French election results: Emmanuel Macron wins

Macron garnered 58.5% of the vote on Sunday, making him the first French leader to be re-elected in 20 years. He and Le Pen advanced to the second round after finishing first and second respectively among 12 candidates who showed up in the first round on April 10.
While the contest was a rematch of the second round of the 2017 French presidential election, much of Europe watched the election with unease. A Le Pen presidency would have fundamentally changed France’s relationship with the European Union and the West, at a time when the bloc and its allies look to Paris to play a leading role in tackling some of the biggest challenges. world, including the war in Ukraine.
And if Macron’s speech to voters in a globalized and economically liberal France at the head of a muscular European Union prevailed over Le Pen’s vision of a radical inward turn, the 41.5% of people who voted for her bring the French far right closer to the presidency than ever before.
Le Pen’s performance is the latest indication that the French public is turning to hardline politicians to express their dissatisfaction with the status quo. In the first round, far-left and far-right candidates accounted for more than 57% of the votes cast.
Many who were unhappy with the last two candidates stayed home. The electoral abstention rate for the second round was 28%, according to the French interior ministry, the highest in more than 50 years, according to French media. In fact, more voters abstained than voted for Le Pen.
Macron supporters, gathered on the Champs de Mars in the shadow of the Eiffel Tower in central Paris, broke into massive cheers when the news was announced. The celebration was noticeably more low-key than after Macron’s victory in 2017, although he walked again to deliver his speech on the European anthem, commonly known as “Ode to Joy”.
In his victory speech, Macron vowed to be the “president of all of you”. He then thanked his supporters and acknowledged that many, like in 2017, had voted for him simply to block the far right.
Macron said his second term would not be a continuation of his first, pledging to solve all of France’s current problems.
He also spoke directly to those who supported Le Pen, saying that as president he had to find an answer to “the anger and disagreements” that led them to vote for the far right.

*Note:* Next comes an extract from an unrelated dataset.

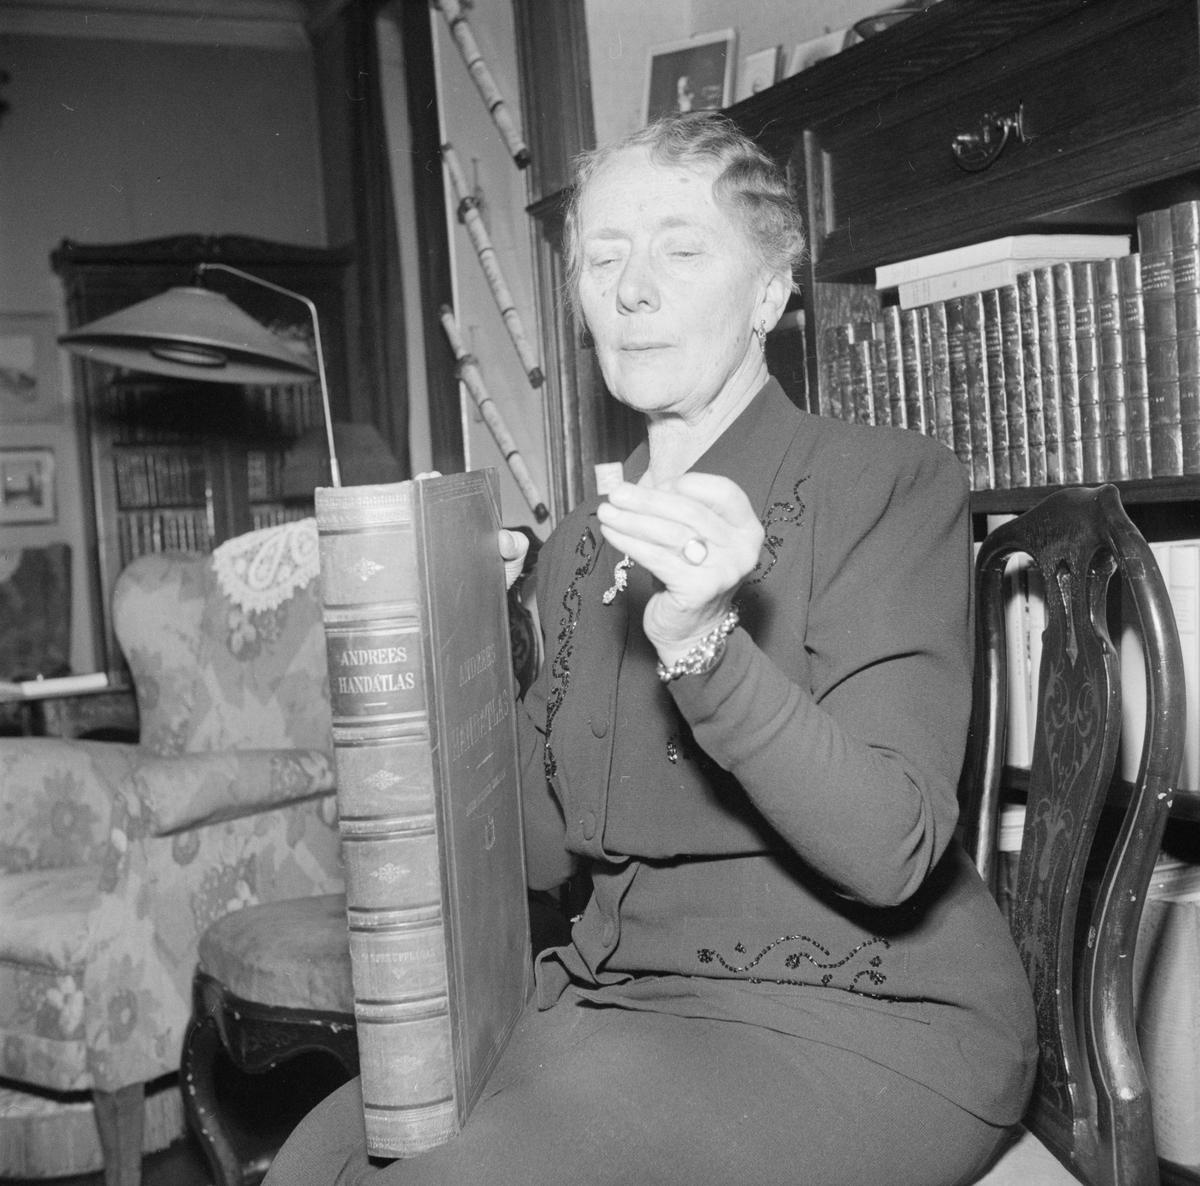 Reportage i Medborgaren, Sala, Västmanland 1949
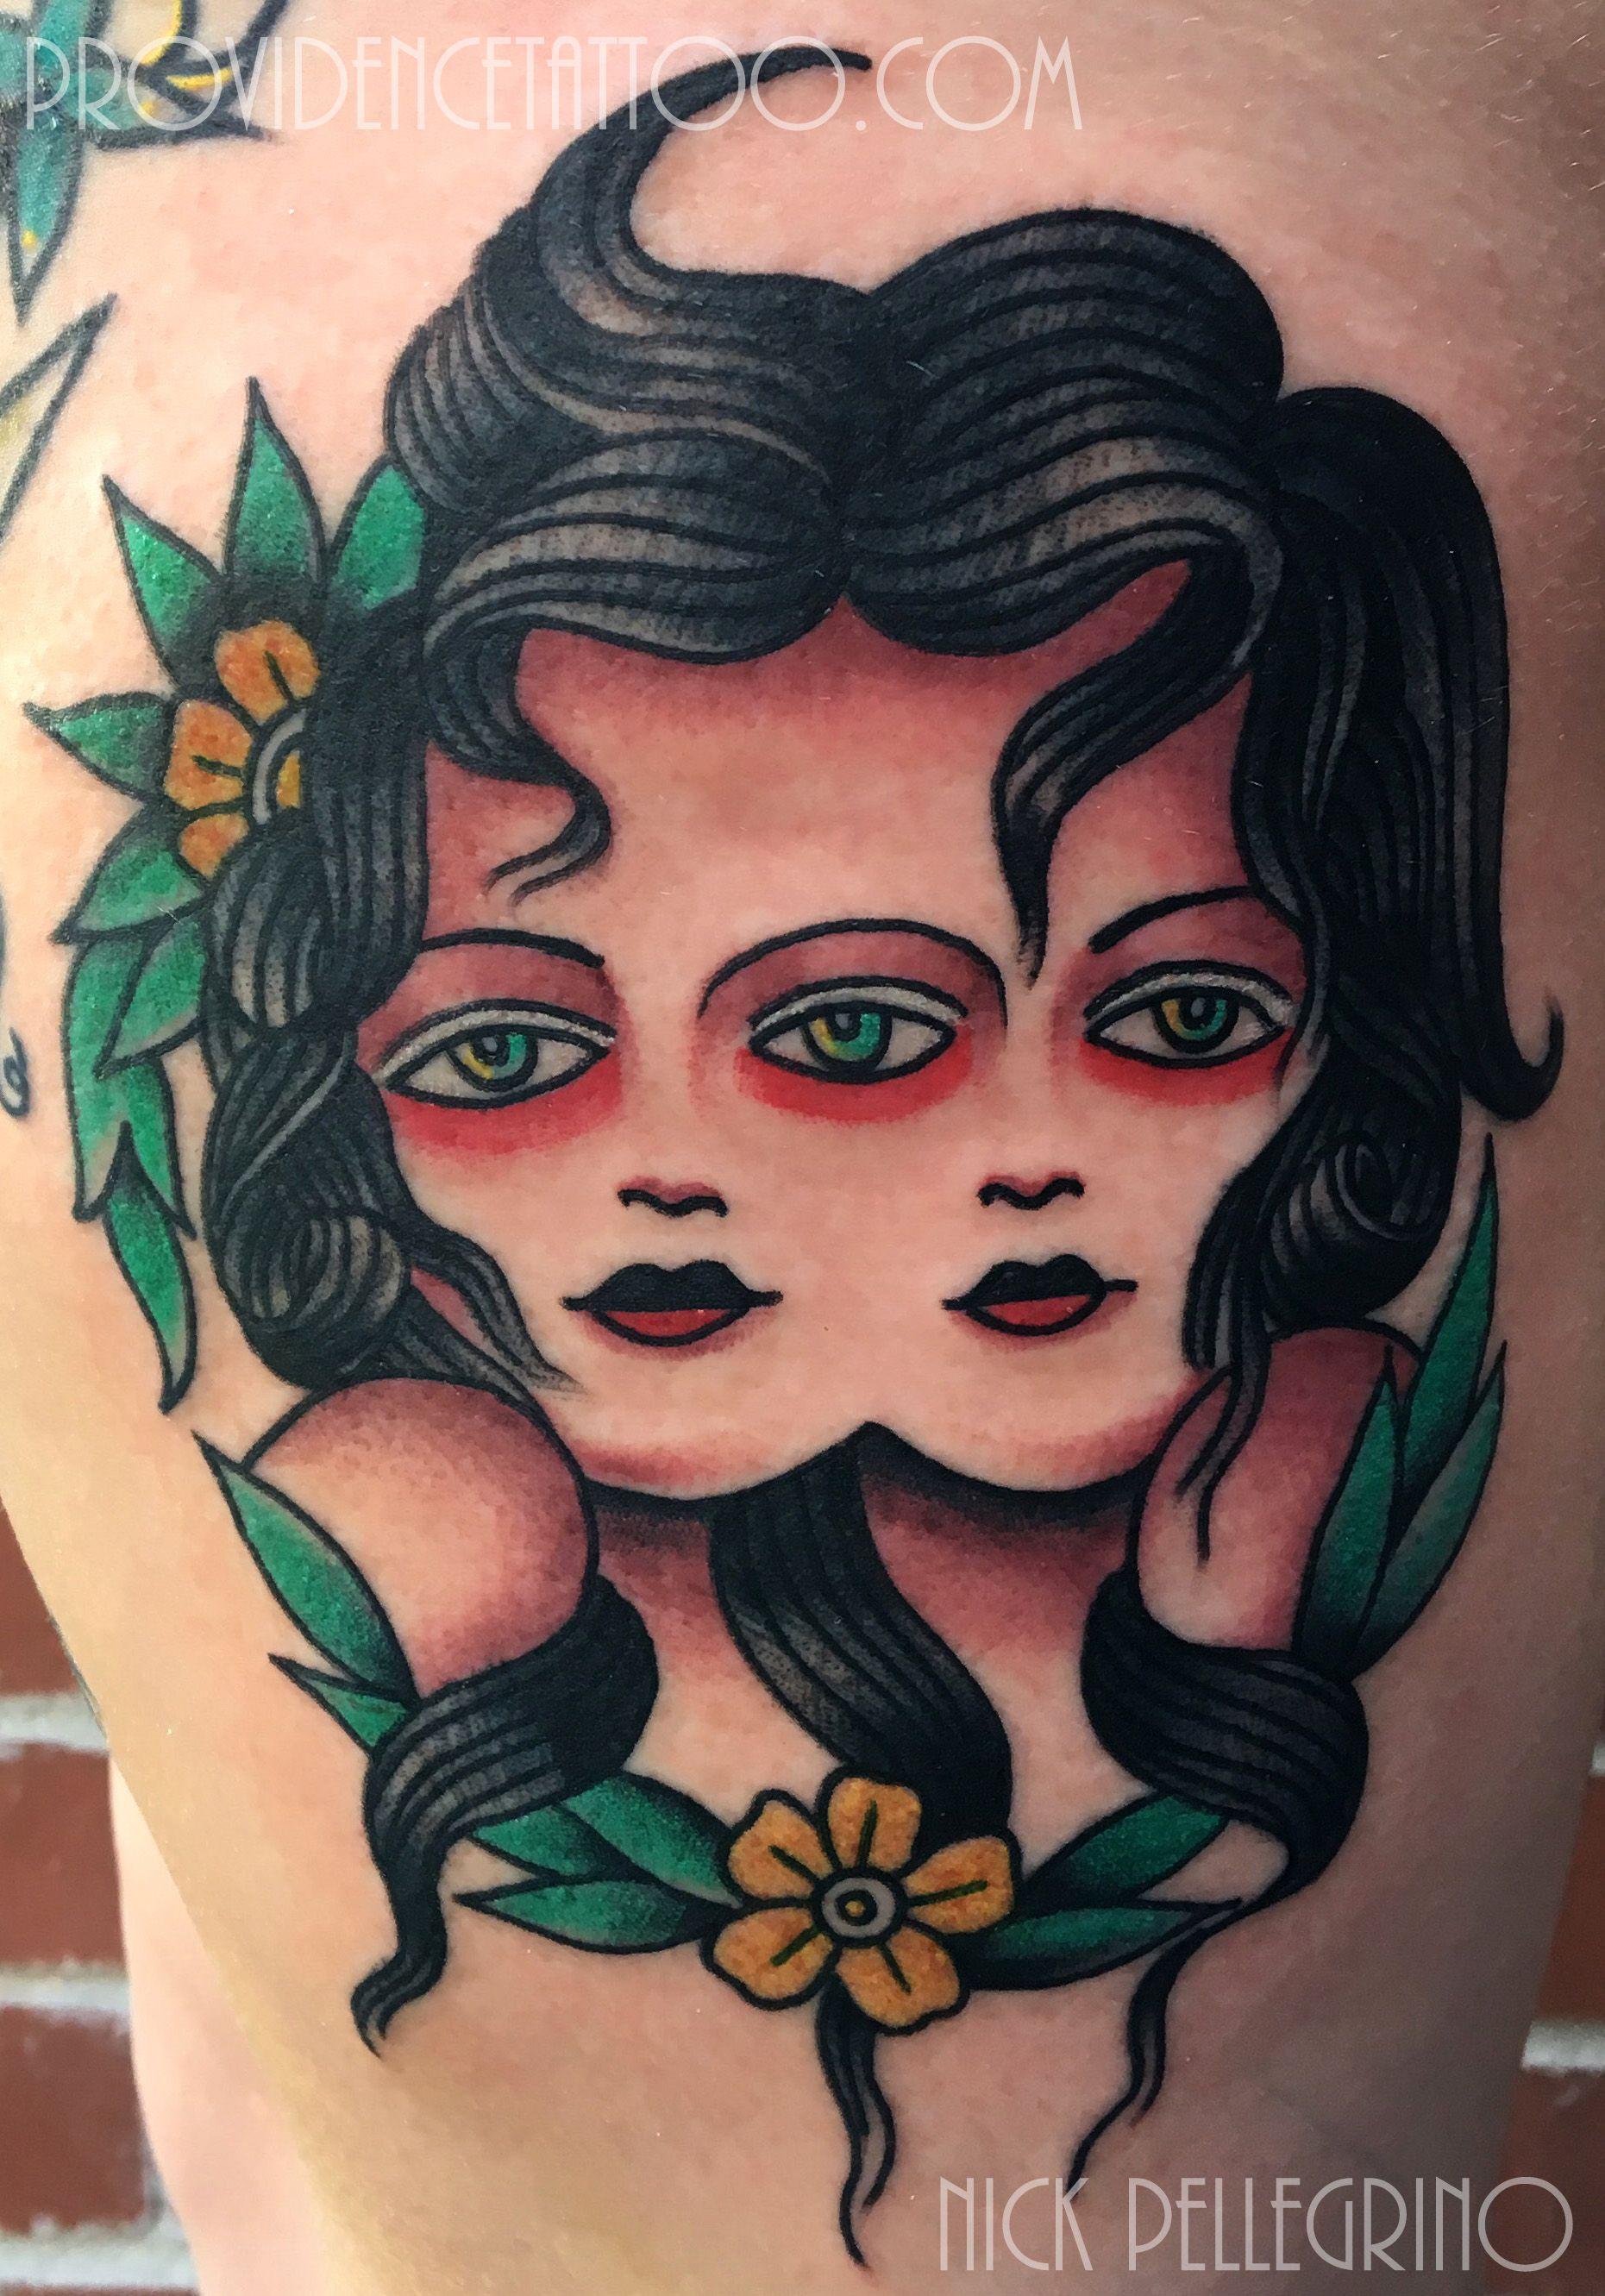 tattoo by Nick Pellegrino at Providence Tattoo #nickpelle #nickpellegrino…

“It will be my responsibility and that of those around me,” Macron said.
Le Pen delivered a concession speech within half an hour of the first screening, addressing his supporters gathered at a pavilion in the Bois de Boulogne in western Paris.
“A great wind of freedom could have blown over our country, but the polls decided otherwise,” Le Pen said.
Yet Le Pen acknowledged the fact that the far right had never performed so well in a presidential election. She described the result as “historic” and a “brilliant victory” which puts her political party, the National Rally, “in an excellent position” for the June legislative elections.
“The game isn’t quite over,” she said.
A two-week sprint to the finish
Macron and Le Pen have spent the past two weeks criss-crossing the country wooing those who did not vote for them in the first round.
Macron has had to convince voters to back him again despite a mixed record on domestic issues, such as his handling of the yellow vest protests and the Covid-19 pandemic.
Le Pen’s campaign tried to capitalize on public anger over pressure on the cost of living by campaigning to help people cope with inflation and rising energy prices – a major concern for the French electorate – rather than relying on the anti-Islamist, anti-immigration and Eurosceptic stances that dominated his first two bids to win the presidency in 2017 and 2012.
She has presented herself as a more mainstream and less radical candidate, although much of her manifesto has remained the same as five years ago. “Stopping uncontrolled immigration” and “eradicating Islamist ideologies” were the two priorities of his manifesto, and analysts said many of his policies on the EU would have put France at odds with the bloc.
Although Le Pen has dropped some of her more controversial political proposals, such as leaving the European Union and the euro, her views on immigration and her position on Islam in France – she wants to make the wearing of the headscarf illegal. in public for women – has not changed.
“I think the headscarf is a uniform imposed by the Islamists,” she said during the one and only presidential debate on Wednesday. “I think the vast majority of women who wear them can’t do otherwise in reality, even if they dare not say so.”
But Vladimir Putin was perhaps his greatest political liability. Before Russia invaded Ukraine, Le Pen was a strong supporter of the Russian president, even visiting him during his 2017 campaign. His party also took out a loan several years ago from a Russian bank. -Czech that he always reimburses.
Although she has since condemned the invasion of Moscow, Macron attacked Le Pen on his previous positions during the debate. He argued that he could not be trusted to represent France against the Kremlin.
“You talk to your banker when you talk to Russia. That’s the problem,” Macron said during the debate. “You cannot properly defend the interests of France on this subject because your interests are linked to people close to Russian power.”
Le Pen said his party had been forced to seek funding abroad because no French bank would approve the loan request, but the defense apparently failed to find an echo.
CNN’s Simon Bouvier, Xiaofei Xu, Camille Knight and Elias Lemercier contributed to this report.